Салли еще в школе, но скоро Энни нужно будет за ней идти. Ее сегодня пораньше отпустили с работы. Всем, кто мог сегодня взять выходной, позволили так и сделать. А те, кто не мог, на время остановили свои занятия, чтобы посмотреть выступление.
Инопланетяне. Огромные космические корабли. Венера станет новой Землей. Одно другого невероятней. А женщина говорит обо всем так, будто это каждый день случается.
– …уже очевидно, что нам оказали помощь в области здравоохранения. Болезни отступают. Недоеданию настает конец. Даже травмы позвоночника и другие повреждения нервной системы излечиваются, так что люди, полагавшие, что никогда уже не смогут ходить, садиться, заниматься любовью, возвращаются к полноценной жизни.
Алкоголизм отошел в прошлое. Опиатной зависимости больше не существует. Звучит замечательно, однако здесь есть и определенный повод для тревоги. В наших телах поселились чужаки, использующие фазовый сдвиг нанороботы, и они выполняют программу по обслуживанию наших тел, добиваясь от них максимальной эффективности. Дисбаланс химический, дисбаланс гормональный, психологические аномалии – все это выравнивается, выправляется.
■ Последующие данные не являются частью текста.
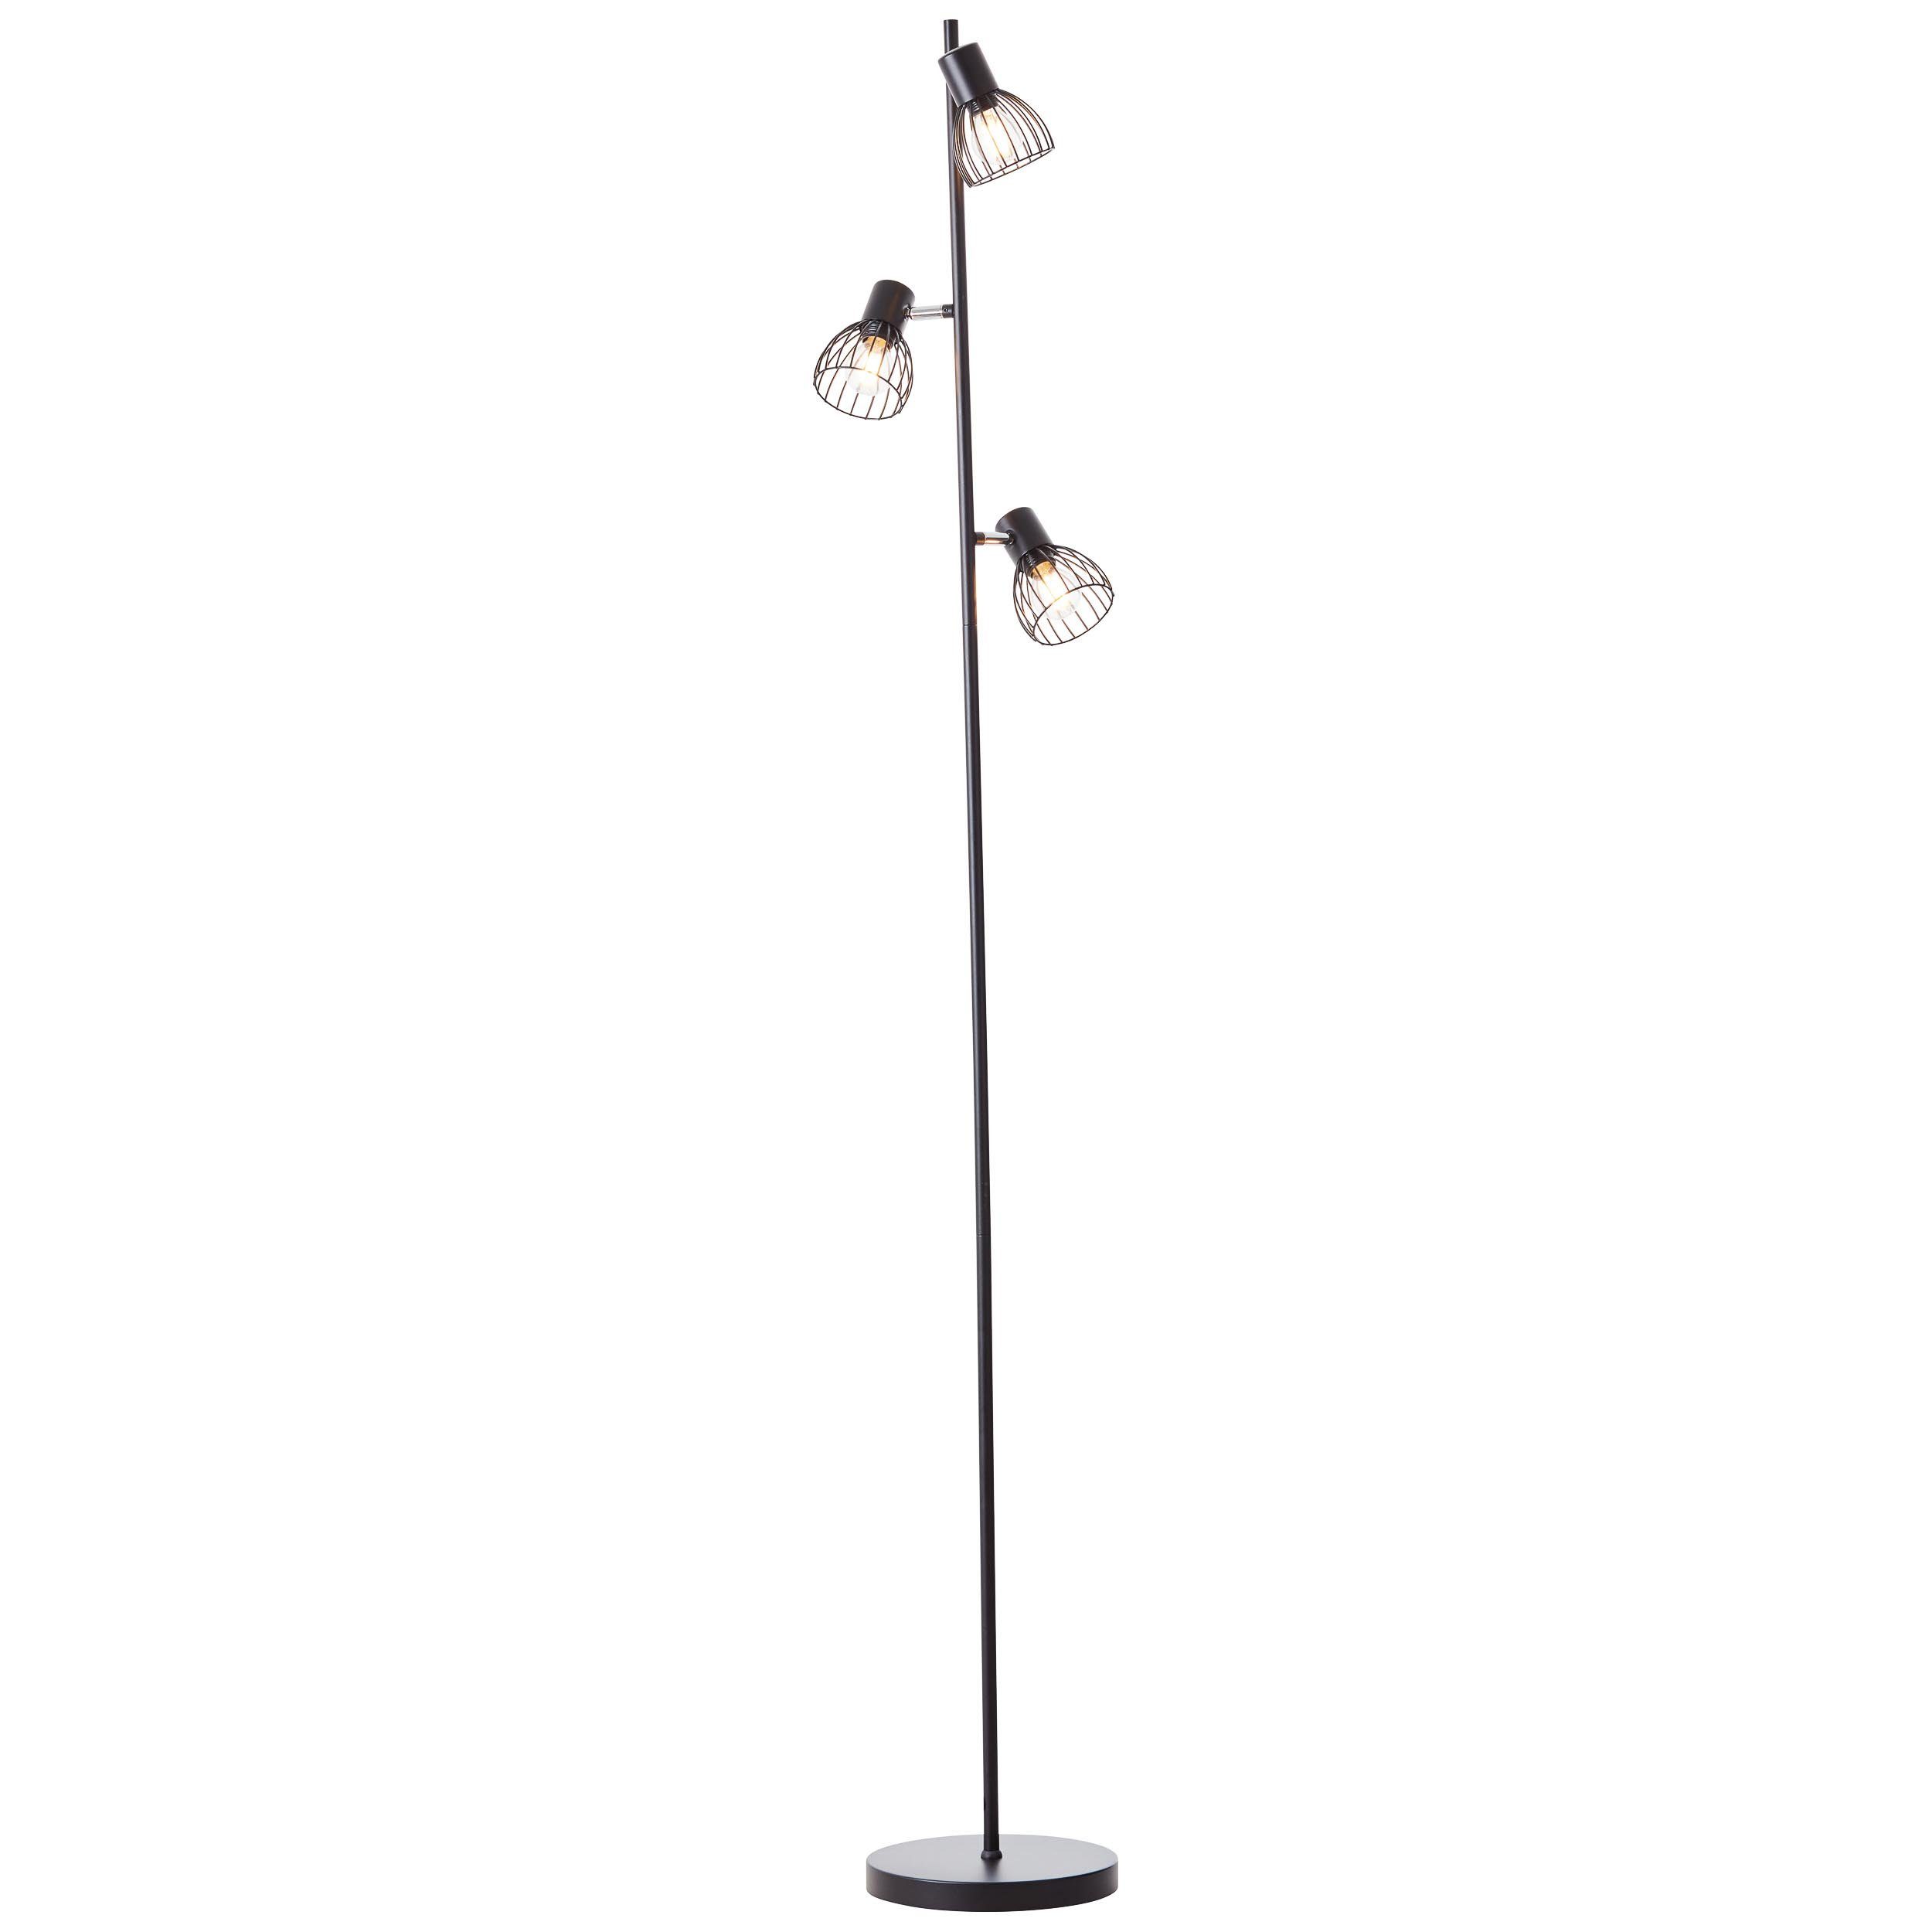 Brilliant Stehlampe Blacky, Lampe, Standleuchte Blacky D45, 25W, Mit 3flg Fu matt, 3x schwarz E14

Шизофрения, депрессия, мании и психозы, включая социопатию, – все ушло. – Она помолчала, потом продолжила: – Вы это видели в отчетах. Быть может, даже испытали на себе, или испытали ваши близкие – сколько стариков, страдавших от различных форм деменции, вдруг вернулись к жизни. Доказав тем самым, что память не привязана к физической структуре мозга, но существует в квантовом состоянии – разве одно это не удивительно?
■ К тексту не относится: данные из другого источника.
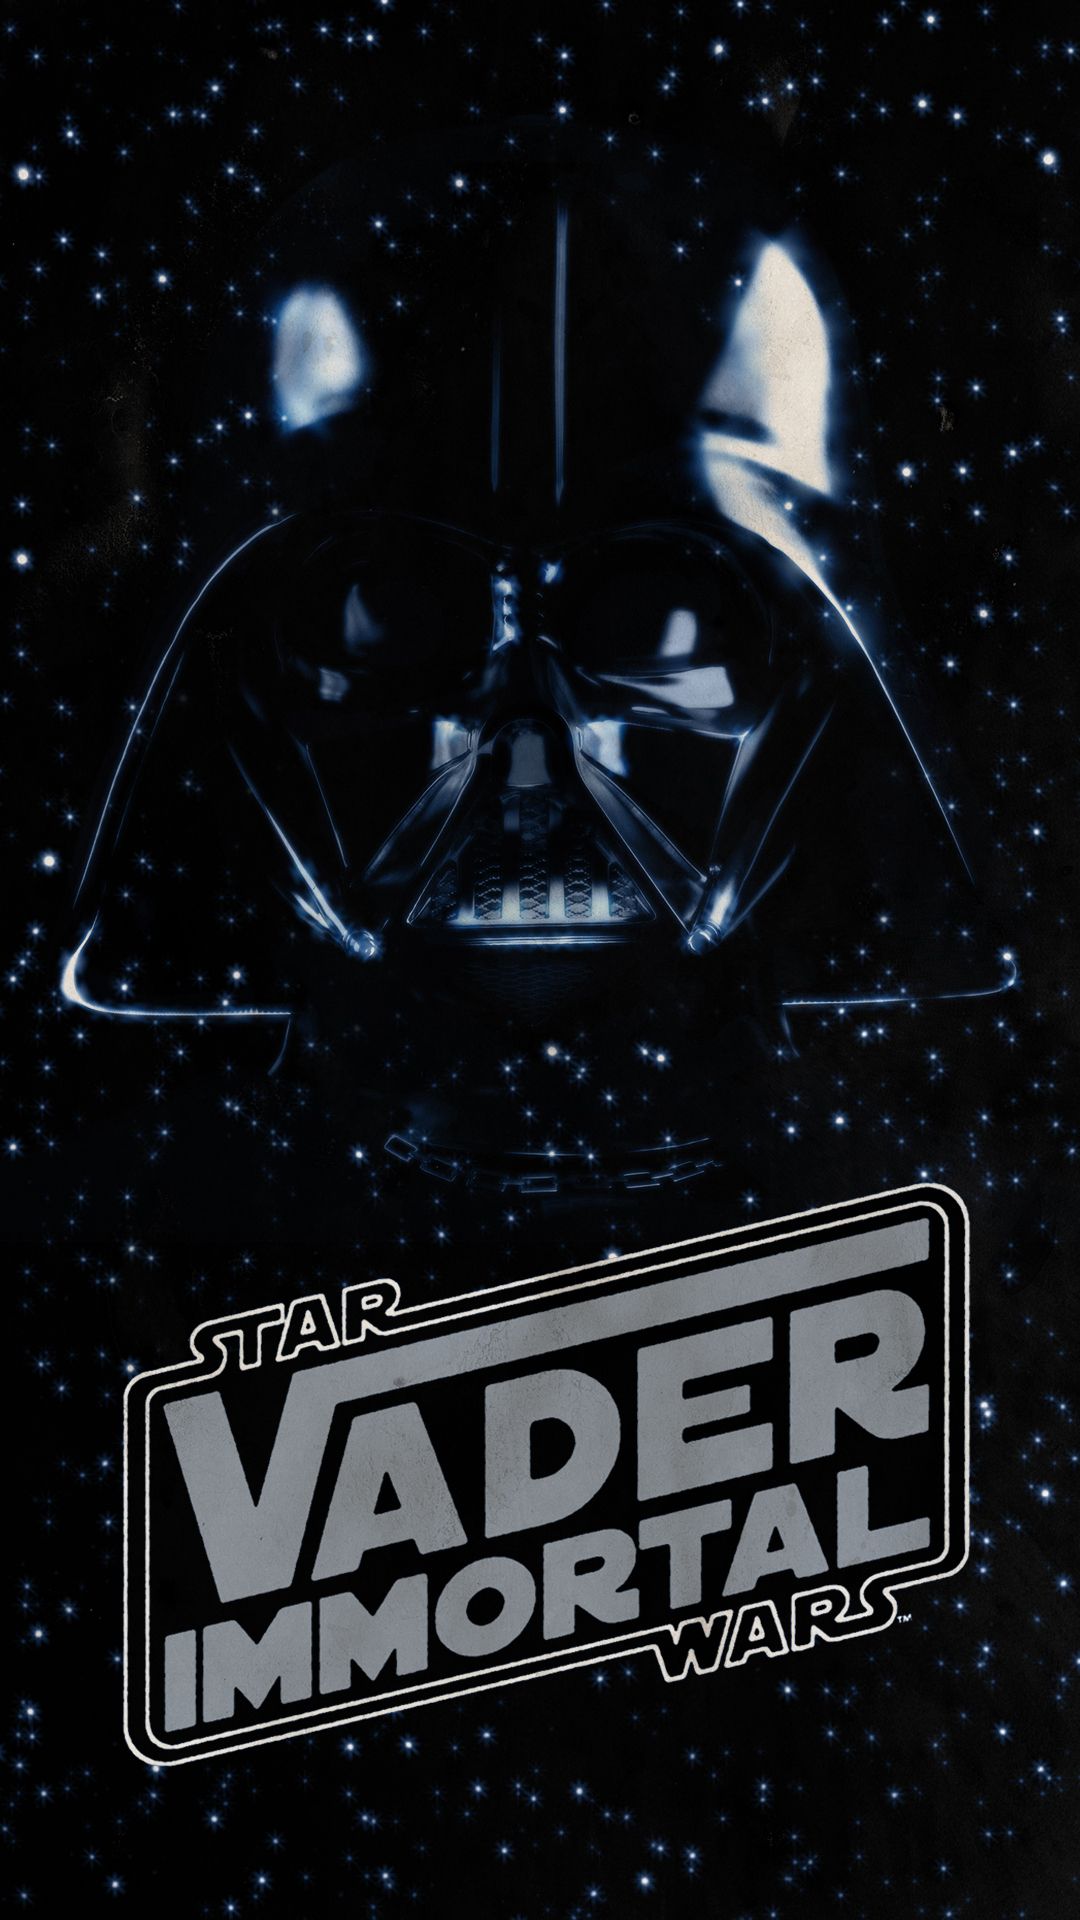 Happy Anniversary, Empire Strikes Back & Vader Immortal: Episode I!

Она продолжила рассуждать на эту тему, но Энни быстро запуталась в технических терминах. И бросила взгляд на Джеффа.
Ему удалось выдавить слабую улыбку.
– Алкоголизм, – произнес он хрипло. – Нет его больше.
Энни кивнула.
– Но злиться я не перестал.
Еще недавно подобное признание заставило бы ее окаменеть, ощутить выброс адреналина. Сейчас она просто пожала плечами.
– В основном на себя, – добавил он. – За то, что оказался таким бесполезным… что не сумел противостоять папаше. Что все то дерьмо, которое он на меня выплескивал, я сделал своим собственным дерьмом – а потом принялся его выплескивать на тебя, Энни.
Она опять перевела взгляд на экран.
– Все так делают, – сказала она. – Дети, они все равно что губки. Даже если впитывать им приходится мочу и кровь.
– Господи, – прошептал Джефф, потом закашлялся и согнулся, казалось, вот-вот упадет. Но он медленно распрямился. – Что я говорил нашей дочке, во что я заставил ее поверить!
– Да, – сказала Энни. – Постарайся это исправить.
– Между нами все кончено? Между тобой и мной?
Она снова посмотрела на него.
– Я знаю, каким ты был, – сказала она, – но понятия не имею, каким ты стал. Поэтому не могу ответить тебе, Джефф. Но так или иначе у тебя есть дочь, и ей нужна твоя любовь.
– А ты? Тебе нужна моя любовь?
Энни задумалась, потом ответила.
– По-моему, уже нет. Но… это не значит, что я ее не приму.
– Могу я присесть с тобой рядом, Энни?
– От дивана воняет.
– Это из-за меня, – сказал он, все еще ожидая разрешения.
Энни вздохнула.
– Ладно, иди сюда.
– Это из-за меня, – повторил он, с опаской ступая в комнату. – Все из-за меня.